Это прежде всего идеологии, нацеленные на реализацию национальных-этнических проектов (например, пантюркизм) или государственных целей (американизм, идея китайской гегемонии, с трудом формирующаяся общероссийская национальная идея), а также мировой традиционализм, призывающий к восстановлению фундаментального уклада доиндустриальных обществ (идеи Р. Генона, Ю. Эволы, А. Дугина). Последнее является, несомненно, утопическим, призывая к решению проблем призывом «вперед, в прошлое!» Реализация такого «позитивного образа будущего» возможна только при некоей глобальной катастрофе, которая отбросила бы человечество на более низкий уровень развития. Близки к традиционализму идеологи православия, которые, протестуя против крайностей глобализма, практически предлагают в отношении семьи, положения женщины и т.д. вернуться к средневековью.
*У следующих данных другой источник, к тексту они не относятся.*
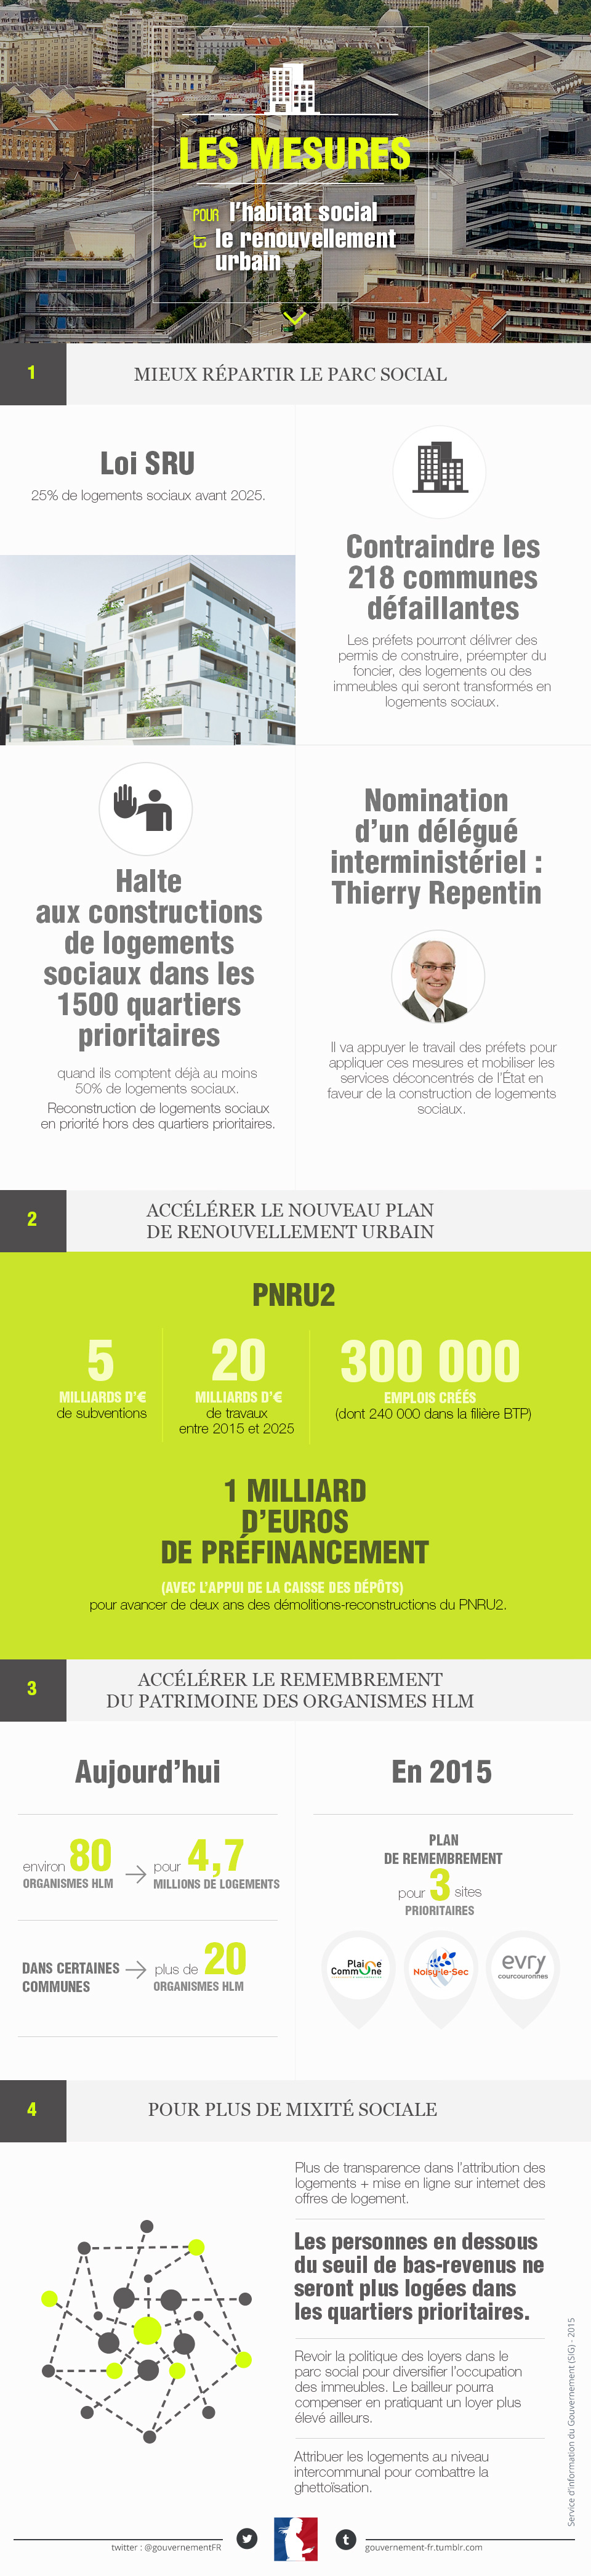 Infographie sur les mesures pour l'habitat social et le renouvellement urbain - voir en plus grand

Понятно, что такая перспектива находит достаточно ограниченный отклик.
Но каков же образ «прекрасного будущего» у самого глобализма? Что должно вдохновлять граждан разных стран принять предлагаемые им перспективы? Целый ряд ответов на этот вопрос можно найти в текстах Ж. Аттали, члена Бильдербергского клуба, в его книге 2006 г. «Краткая история будущего» [1], которая появилась на русском языке в 2014 г. Правда, рисуемая им картина выглядит не слишком привлекательно. Аттали описывает ряд грядущих трансформаций современного мира, обещая всеобщее господство рынка и финансового транснационального капитала, исчезновение государств, «кочевнический» стиль работающих, стирание любых границ и разрушение всякой интимности, вмешательство техники и технологии как в организм человека, так и в характер его времяпровождения и самосознания, фактическую ликвидацию духовности, отмену детско-родительских отношений, глубокое одиночество и выдвижение на первый план развлечений и различных видов страхования. Он сулит гиперимперию с гипердемократией или же разрушительный для человечества гиперконфликт.
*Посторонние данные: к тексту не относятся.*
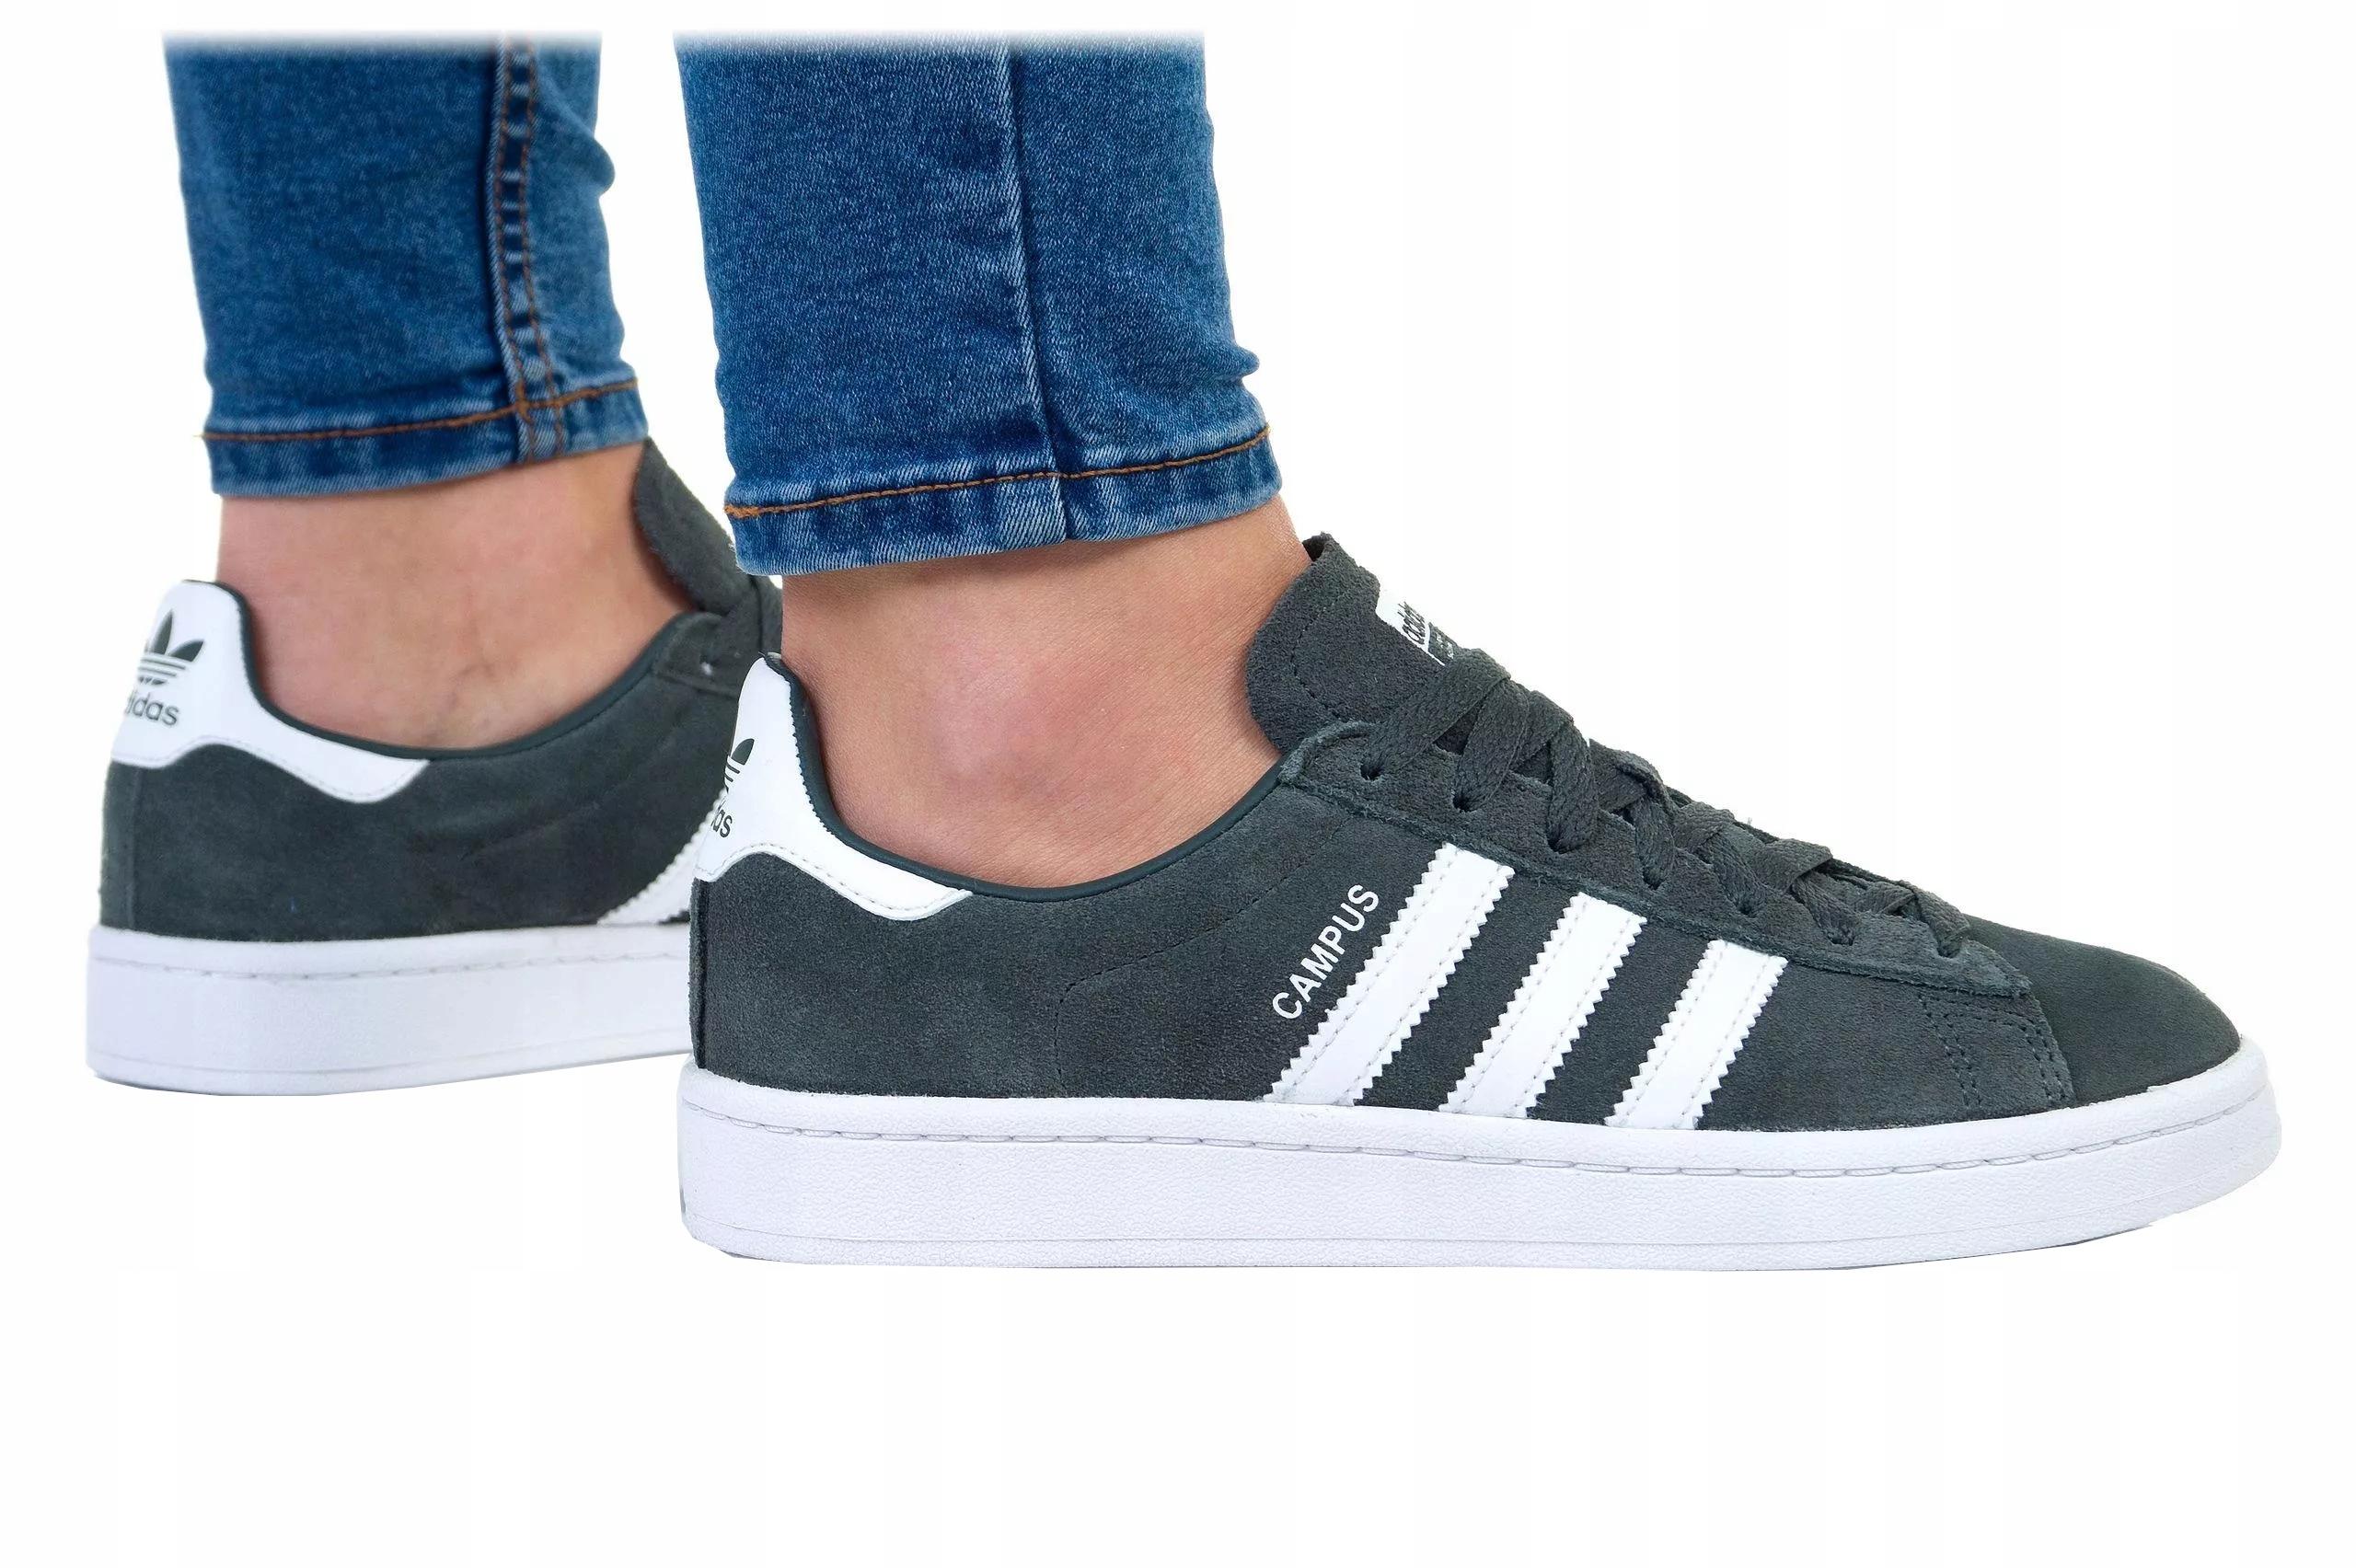 alegro buty młodzierzowe adidas 37

Хотя сам автор описывает эту предполагаемую будущую историю без восторга, он считает ее безальтернативной, а, значит, предлагает нам принять ее как данность и постараться в нее вписаться, не пытаясь совершать иной коллективный выбор. Пафос ныне живущих должен быть не в «построении будущего», но в его безропотном принятии – в усвоении ценностей нового мира без полов и личных отношений, с погружением в технизированный самоконтроль и примитивные и разрушительные удовольствия, например, связанные с наркотиками. Аттали намекает, что издержки неизбежны, а чтобы будущее виделось достаточно светлым, следует измениться самому человеку.
В отличие от Аттали, З. Бжезинский, Д. Рокфеллер Д. Сорос и некоторые другие теоретики и практики мирового капитала полагают изложенный сценарий будущего ценным и необходимым, поистине прекрасным. Для его приближения надо вкладывать огромные деньги, прикладывать организационные усилия и раскручивать поддерживающую его пропагандистскую машину: от поощрения разного рода «меньшинств» до распространения идей трансгуманизма. Вольно или невольно начинаешь задумываться о том, что, быть может, не все размышления отечественных конспирологов о «мировой закулисе» являются выдумкой, ибо существуют реальные интересы международной бизнес-элиты, и за каждым настойчиво предлагаемым образом будущего стоят чьи-то практические интересы. А, возможно, и амбициозные планы по перекройке человечества. Идеология глобализма предлагает нам сделать ценностью и полюбить будущее расчеловечивание, победу обезличенности и бездомности.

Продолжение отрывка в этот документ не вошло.